Tuesday, August 2, 2016

One Singular...Well, You Know

Well, there you are.   After a stretch of less than wonderful years at the Hollywood Bowl, the venue serves up the best evening for me...perhaps ever.   Okay, I may be gushing a bit too much.   Maybe their rendition of "A Chorus Line" wasn't as great as I thought it was.   And perhaps some of the other shows over the past several years weren't as bad as I remembered.   But, who cares?   Their production last weekend of the legendary "A Chorus Line" was a terrific surprise.   Broadway quality three thousand miles away.

Everybody has seen some version of "A Chorus Line" in their life, right?  Right? For me, the number of times being in the audience is probably five or six.   At one point, it was my official "date" show.   You know, there's a girlfriend and you don't feel things are complete until you've seen "A Chorus Line" together.   Or something stupid like that.   Well, anyway, the show is always magical.   I did not see the recent 2006 revival, but I have seen several times the spectacular documentary about its casting called "Every Little Step."   It was an ingenious film.   How to cast people into a show business job that is all about being cast in a show business job.   Check that movie out when you can.

So, when the Hollywood Bowl does "A Chorus Line" as its annual Broadway show production, I'm in.  And glad I was.   Too bad there's no current girlfriend to share this one with.  But I did go with a couple of very talented actor pals, who definitely can identify with grueling auditions and callbacks. 

Let me do a little housekeeping before I press further.  The Hollywood Bowl sells programs for a dollar and I usually don't buy one.   No, I'm not that cheap. When it comes to a concert, I like to be surprised about what I am going to hear next.  So, as per usual, I didn't pop the buck for a program.   And later lamented that I didn't.  Because I was dying to know who was in the cast and totally delighting me with their performances.

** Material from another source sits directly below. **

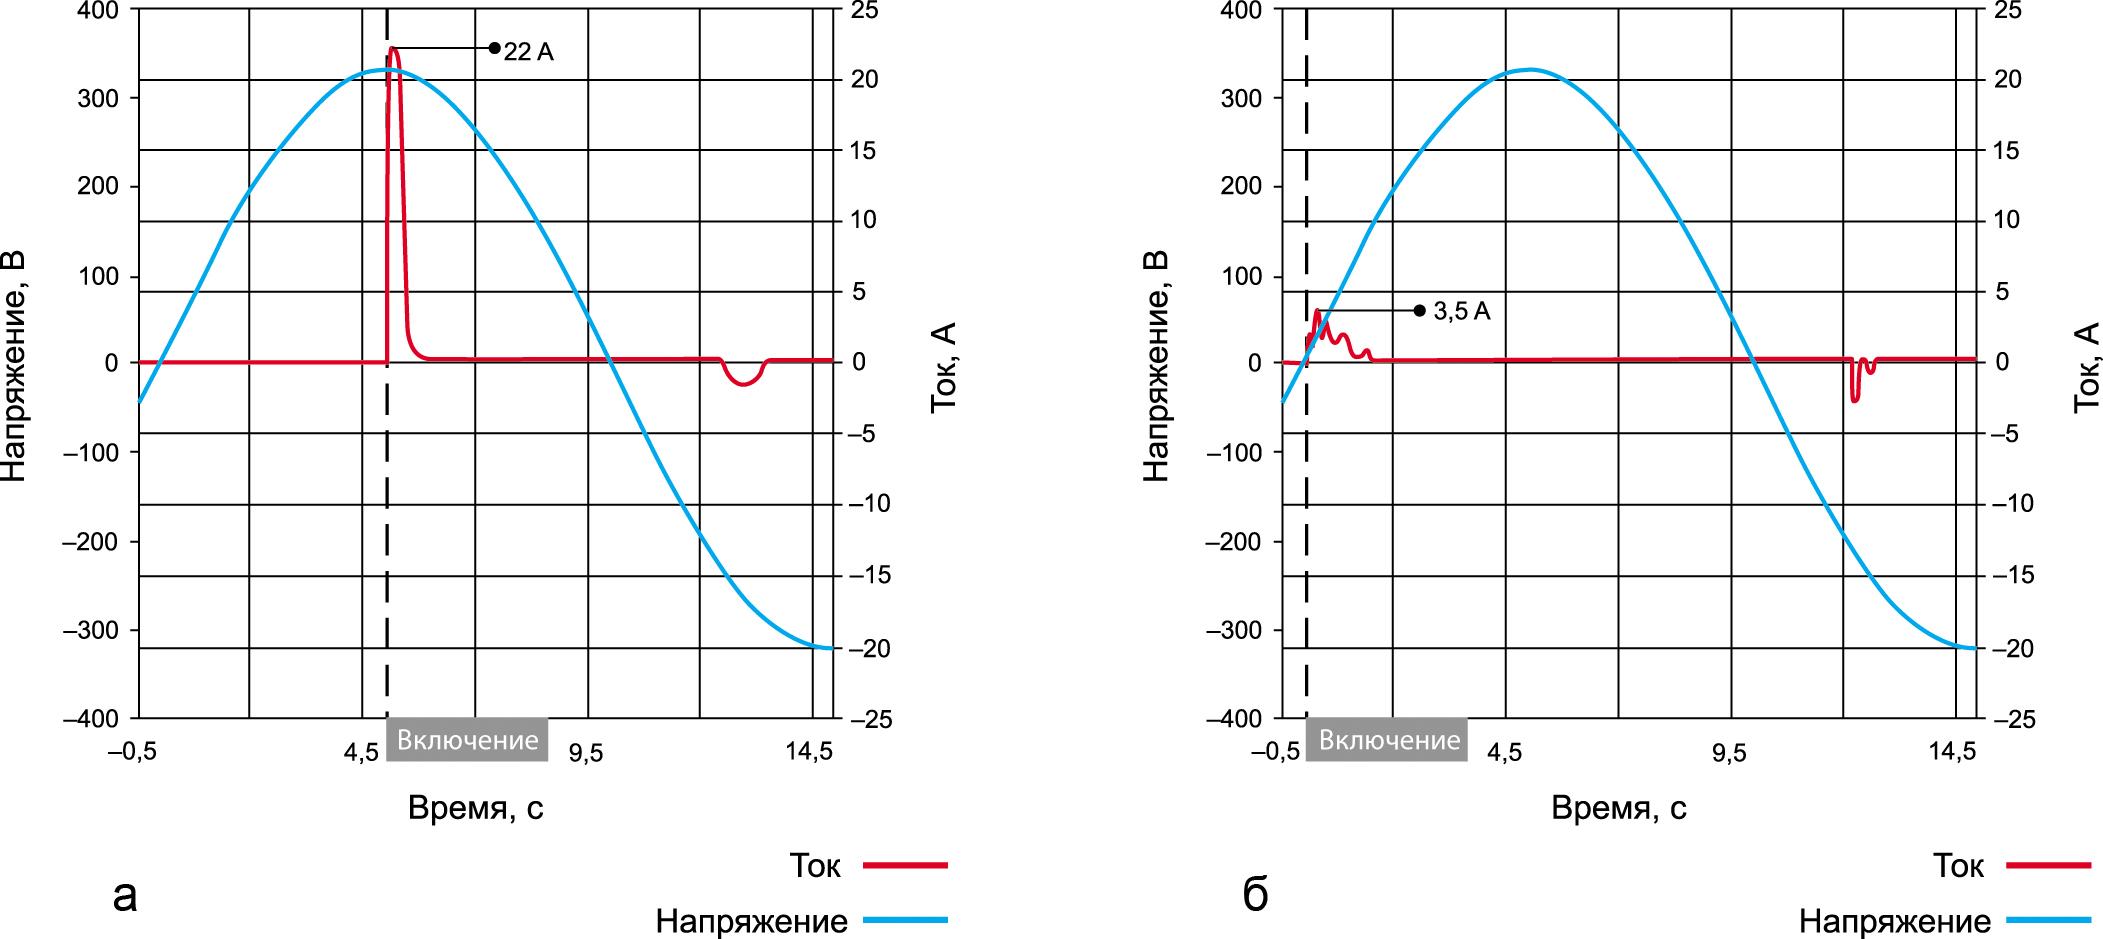 Изменение параметров импульса пускового тока в зависимости от момента включения

First up is Mario Lopez.   Yes, that Mario Lopez.   A.C. Slater from "Saved by the Bell" and a thousand other TV shows.  I knew he had played Zach the director as a replacement recently on Broadway.   But I didn't expect him to be as terrific a musical stage performer as he was.   I mean, he was on "Saved by the Bell."   Right?   His sweat was figuratively and literally up on the Bowl stage for all to see.   It was an usually humid night in Los Angeles and the cast was soaking through their dance leotards.   There was some microphone outages as a result.  Luckily, no one wound up like Gary Gilmore.
Had I bought a program I would have known that the girl playing the vocally-challenged Kristine was one Courtney Lopez, who married Mario when they met on Broadway while doing the recent revival.  Had I bought a program I would have immediately recognized Krysta Rodriguez as one of the kids from TV's now defunct "Smash" and that she is a recent breast cancer survivor.  Had I bought a program I would have known that the guy playing Mike ("I Can Do That") was Robert Fairchild, a principal with the New York City Ballet and a recent star of Broadway's "An American in Paris."

Had I bought a program I would have known that Cassie was being played by one Sarah Bowden who has done the role countless times and is apparently a renowned musical comedy star in Berlin, Germany!  I was exhausted just watching her perspire intensely during the "Music and the Mirror" dance number.  Had I bought a program I would have known that Sheila was being played by Leigh Zimmerman and that I had seen her on Broadway with Nathan Lane in "A Funny Thing Happened on the Way to the Forum."

Had I parted with one sawbuck I would have known that much of the production staff from the 2006 revival were working at the Hollywood Bowl this weekend.   So, too, were many of those cast members.  

And on and on and on.   Had I only purchased a program.

Indeed, other than A.C. Slater, the only actor I did recognize was Jason Tam in the pivotal role of Paul San Marcos.   Those who saw the aforementioned documentary will remember his stirring audition for the 2006 revival.   That scene is a major set piece in the documentary.  Again, had I spent the almighty dollar for a program I would have learned that he also spent several years on TV's "One Life to Live" which means I know people who probably know him.

Tomato, tomatoes.   Whether I remember them or not, they were all great and major contributors to a stunning evening of entertainment.  You would think that a show which is so incredibly intimate might be swallowed up by the Hollywood Bowl cavern.   Not so.   And, of course, the big screens not only helped, but they enhanced our enjoyment of the story.

There were no show-ending fireworks at the Bowl, but the rendition of the "One" finale gave us all the explosives we needed.  Well, here it is.   Pardonez-moi the shitty camera movement.   It's not my handiwork.

Bravo, Hollywood Bowl.   You've reset the bar for yourselves.   And it's uncommonly high.

Oh, and how can any review of "A Chorus Line" not include this?

Marvin Hamlisch, we miss you.

Dinner last night:  Leftover grilled sausage and salad.